STAVANGER, Norway, June 29 (Reuters) - Norwegian trade unions have d
ecided not to escalate the strike in the country's oil and gas sector and to meet again on Tuesday at 0900 GMT, union leaders told Reuters after a meeting on Friday.
The prolonged disruption to oil output from the world's eighth largest exporter pushed crude pices up on Friday. North Sea Brent crude futures rose $3 to $94.36 a barrel.
According to Norwegian law, an escalation of the strike could only come into effect four days after any decision is made.
A government spokeswoman said on Friday there were no plans for the state to intervene.
'The ministry's perspective on the strike has not changed, we will not do anything as of now. This is a conflict between the parties and we are following the situation closely,' senior adviser Gro Oerset said.
The government has powers to call an end to the dispute if it believes safety or national interests are at stake. The sector accounts for a fifth of gross domestic product and nearly half of Norway's exports.
Unions are demanding wage increases, better overtime pay and the right to retire at 62, but the Norwegian oil industry association (OLF) has refused to negotiate pensions.
'We are not ready to discuss that,' OLF spokeswoman Eli Ane Nedreskaar said when asked if the OLF would now be ready to discuss pensions.

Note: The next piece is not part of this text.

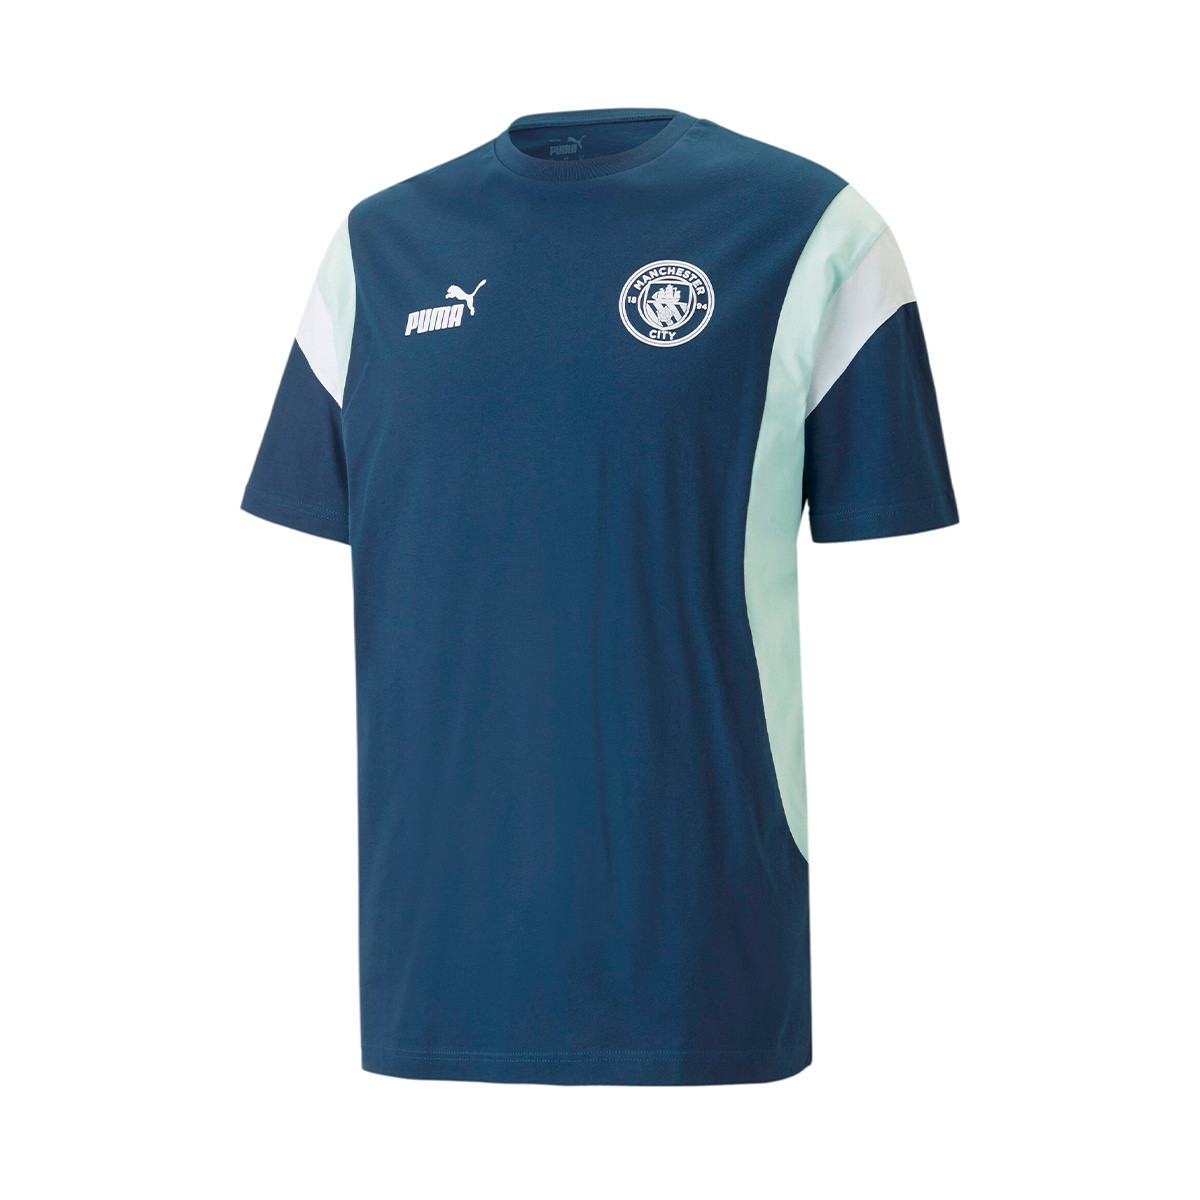 Puma Manchester City tréningové tričko tmavomodré pánske - SKLADOM

The workers had estimated that about 18 percent of Norway's oil production of about 1.6 million barrels of oil per day has been shut by the dispute that began on Sunday, although the industry and the government's petroleum agency are using lower figures.
Some gas production has also been cut.
Unions face the difficult balancing act of pressuring employers without triggering government intervention.
'We feel we're at a good level that is well suited to avoid a forced settlement from the government,' Hilde Marit Rysst, head of the SAFE union told Reuters.
'We won't risk increasing the strike and trigger intervention (by the government) at this point,' she added.
Oil union Industri Energi said late on Thursday it believed daily output was down by about 290,000 barrels of oil, while operator Statoil gave a figure of between 230,000 and 250,000 barrels and the Norwegian Petroleum Directorate said it estimated the outage at 190,000 barrels.
Employers have the option of a lockout, which would threaten a full shutdown of all oil and gas production and virtually guarantee intervention by the government. It has so far been reluctant to use this weapon though, as it could poison future relations with unions.